Updated Polishing Advice

KnuckleBuckett

New member
Hi Folks.


Just picked up a new (to us) 2015 Ultra White LS460 FSport and I am replacing all of my old supplies from scratch, due to age, wear, and low volumes left in my containers.

I have always polished with Megs #4 for heavy cut and 3M Perfect-IT for the rest. LC CCS foam pads with PFW and plain wool for the rare heavy work. I use a Makita rotary most of the time and a Flex DA for this and that.

Should I abandon by polishing machines and go with a new long throw DA? I would rather not, however if that is the way of the future I suppose now would be the time to do so...

I typically stick to smaller pads in that I have the time and like the control.

Price is not a huge concern in that a little goes a long way for my needs.

What brands of pads and polishes are the way to go these days?

Pad Options - Feel free to add or subtract!

Lake Country Waffle Pro
3M Perfect-IT
Rupes (can you even use these on a rotary??)
Kamakaze

Polish Options - Feel free to add or subtract!
3M
Gyeon
McKee`s
Sonax

Has anyone dealt with this paint before?

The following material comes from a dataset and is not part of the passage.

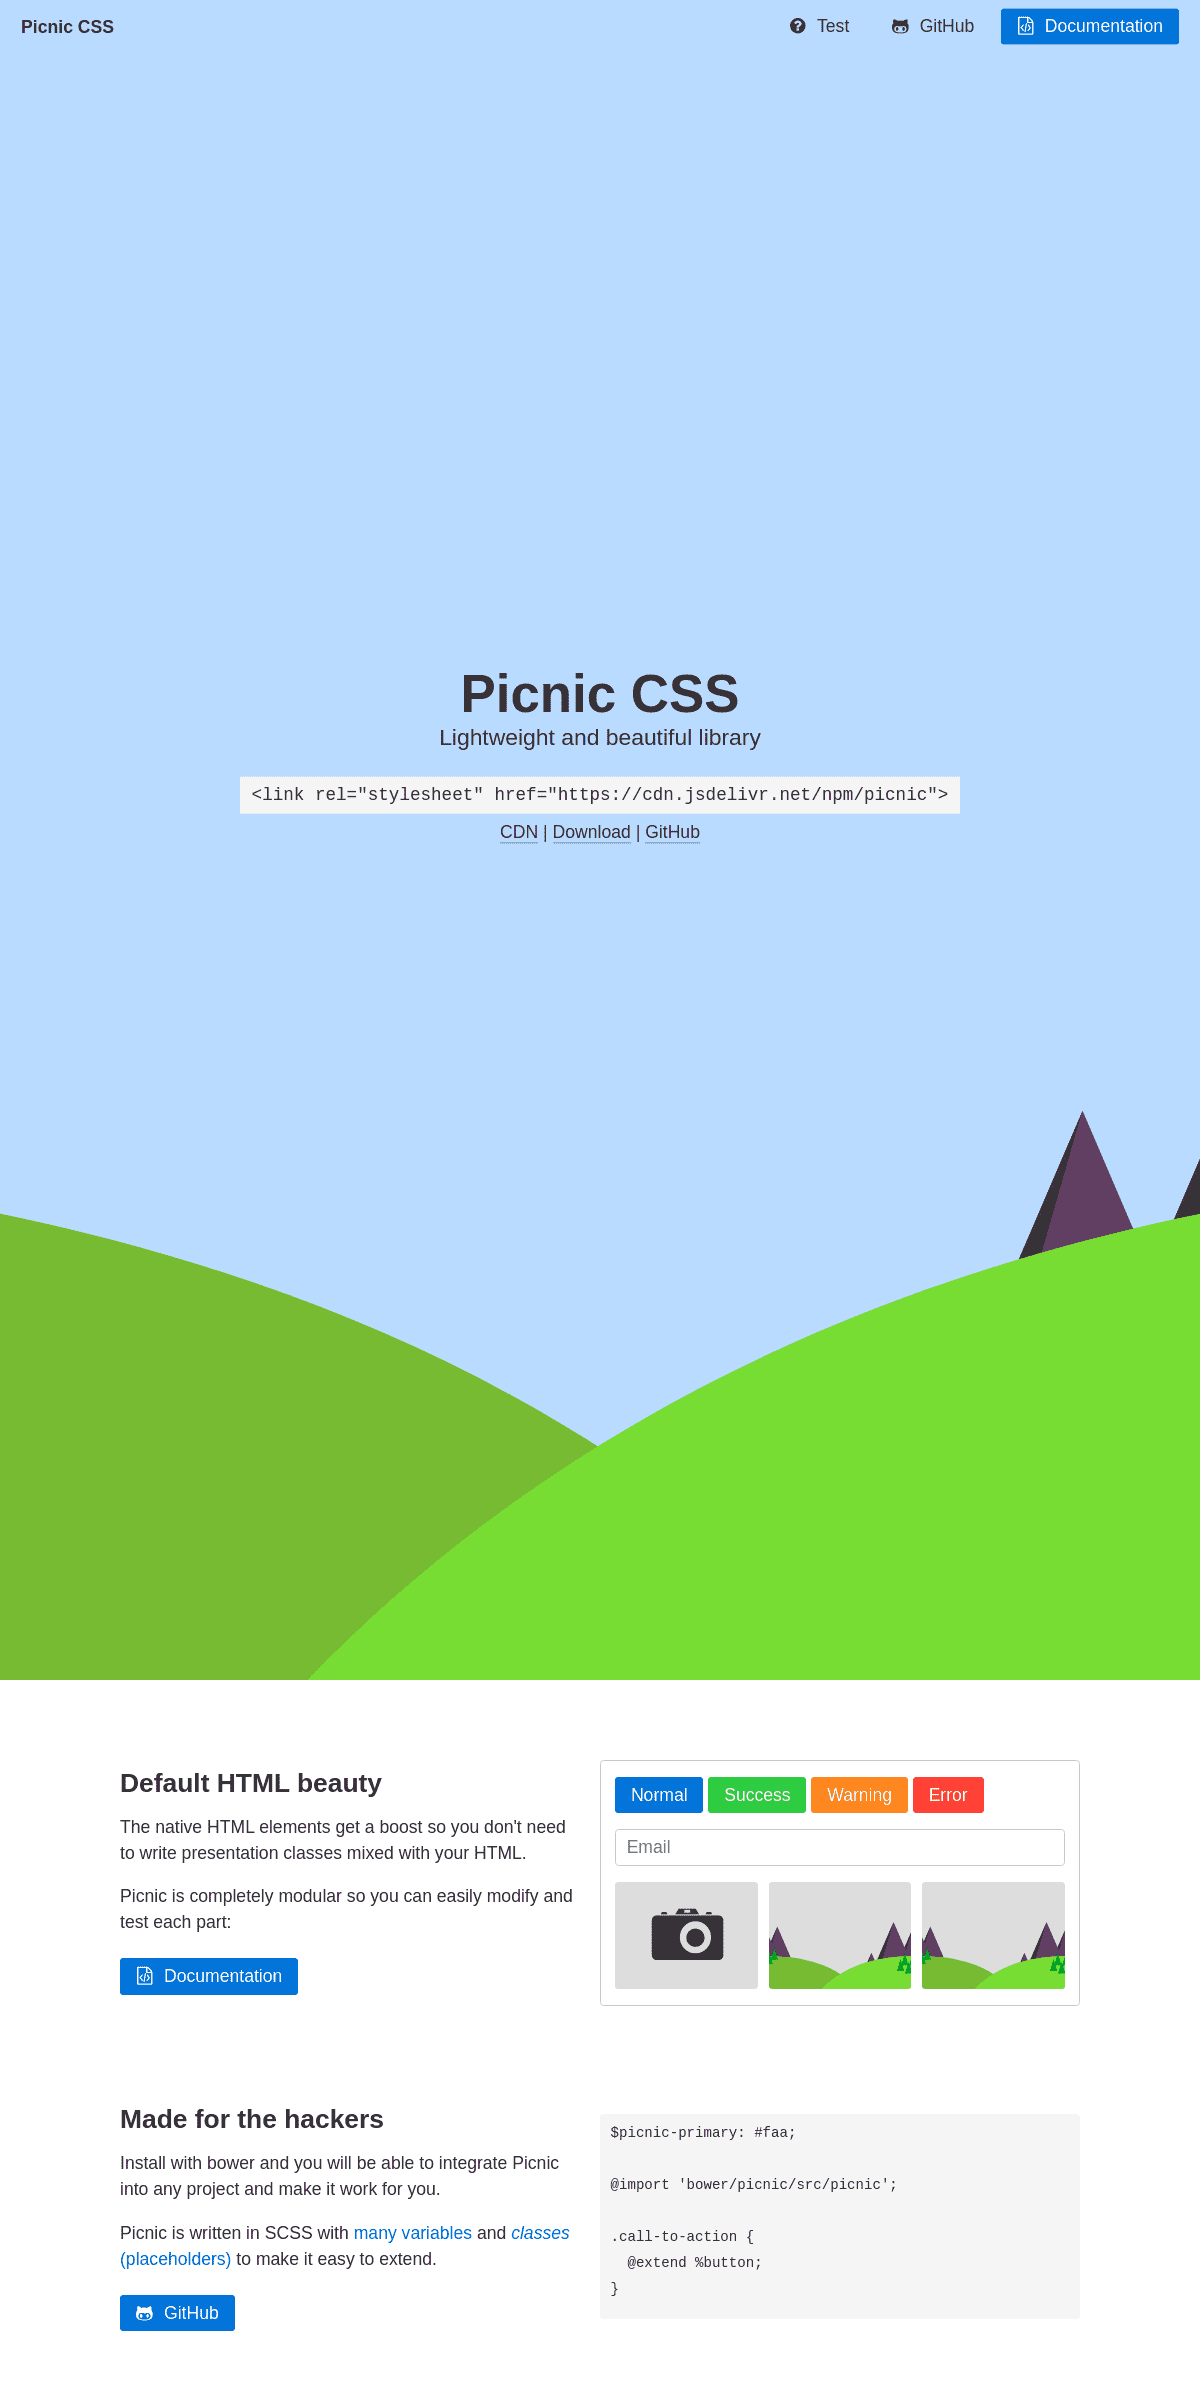 A complete backup of picnicss.com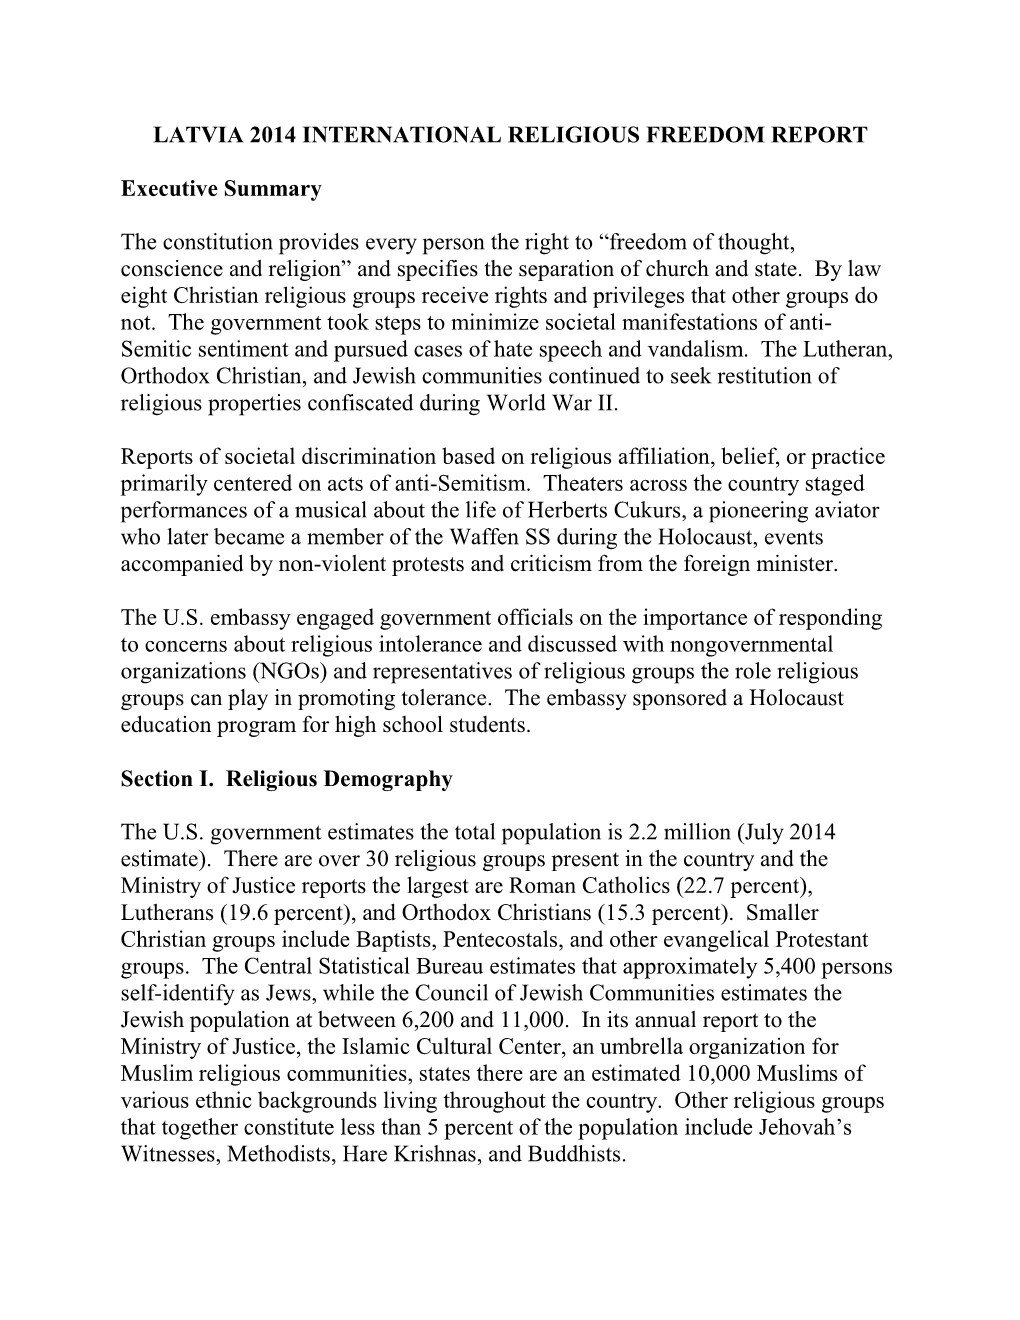 Latvia 2014 International Religious Freedom Report

New to me, I actually started a similar post in the wrong portion of this forum...so don`t think I am nuts, just a bit of a mess. :mellow:

Thanks for the help!
 
Add Mckee`s 37 Blue or Adams H2O guard and gloss. Each adds phenomenal water beading. There are some videos on YouTube of each.

Sent from my SM-T550 using Tapatalk
 
Thanks. Been reading the forums a good bit trying to pick out what I need. Sounds like there is no reason to change my machines. Now to figure out the pads and polishes.
 
Is the Ultra White on a Lexus a single stage paint like its Toyota cousins OR is it clear coated?? Maybe someone who does know can chime in.

I only say this because white single stage paints can be somewhat hard because of the titanium dioxide pigments used in white colors.


I would also suggest PB`s White Diamond "glaze" or CarPro`s Essence be added to your detailing chemical products.

If your pads are more than 15 years old, you might want to consider replacing them. A lot of detailers like Lake County`s Hydro Techs foam pads, but their work life is somewhat short (which is why they are nicknamed Hydro Shreds).

I agree on keeping your polishing machines if you feel comfortable using them. New pads and new compounds and/or polishes might make it easier and better at keeping your new Ultra White Lexus looking pristine.
 
I think it is a three stage paint. I say that because our LS430 was and had a similar look to it.

Yeah ive read that Lexus tints their clear, which makes it seem like SS since you get color transfer to the pad.

At any rate, I`d recommend 3D/HD and Menzerna polishes.

Pads are intensely personal, but I like the LC hydros. They work well for both rotary and DA use. For harder paint like that, you might consider some MF pads. Depending on how defects there are to remove, you`ll be able to cut quickly and get a nice finish. Of course, with a car like that you`ll still wanna do a really fine finishing polish but it`d be 2 steps instead of a potential 3, depending on how it all works out.
 
Pad options
BS Low pros
LC HDO
3d Spider pads

Kamikaze Benzai pad
BS uro Fiber
CS2 wool pad


Compound/polish
Sonax lineup
Griots Boss cremes
Shine Supply
3d polish+/Cut+
Clear Finish Endurance primer polish
 
The products that you are using are not the most current technology. Unless you have a paint gauge stay away from the rotary. Don`t let anyone tell you that your specific car is hard or soft, a test spot will tell you. As far as I know Griot`s is the latest technology in polishing chemicals. I think you would be happy in how effective the products and machines are.
 
KnuckleBucket- If you`re a genuine Rotary-Meister (zero holograms/etc.) then there you are, so no need to switch. (FWIW, despite lots of experience I can`t use one well enough so I`m all about good DAs.)

If your Fles is the 3401, FWIW I can`t get a Final Finish that satisfies me with that machine even though others think its results look fine. I *always* see an improvement after a follow-up with something else. Always.

Don`t use the M04 on modern paint, or at least I sure wouldn`t. WAY too harsh initial bite, doesn`t diminish down fine/fast enough either IMO. (Liked it OK on ss back in the day.)

Lots of today`s Finishing Polishes will leave a much nicer finish (and with less work) than any 3M PI/FI product I`ve ever used and I used to be all about stuff like the 05937 (still remember the p#s :D ).

Note that many of today`s Japanese vehicles have *EXTREMELY* thin clear.

IMO you oughta first decide between diminishing/not abrasive products. I`m all about the latter these days, simply love `em. For some final burnishing the diminishing abrasives are OK, but overall I never use those any more, at least not for actual correction.
 
I have had very good success with Sonax perfect finish. It goes on super easy and works on light to moderate imperfections. It would work great with your Flex machine.
HD speed is also a great product that goes on and comes off as easy as anything I have used. Top off these products with a good wax and you will be very happy.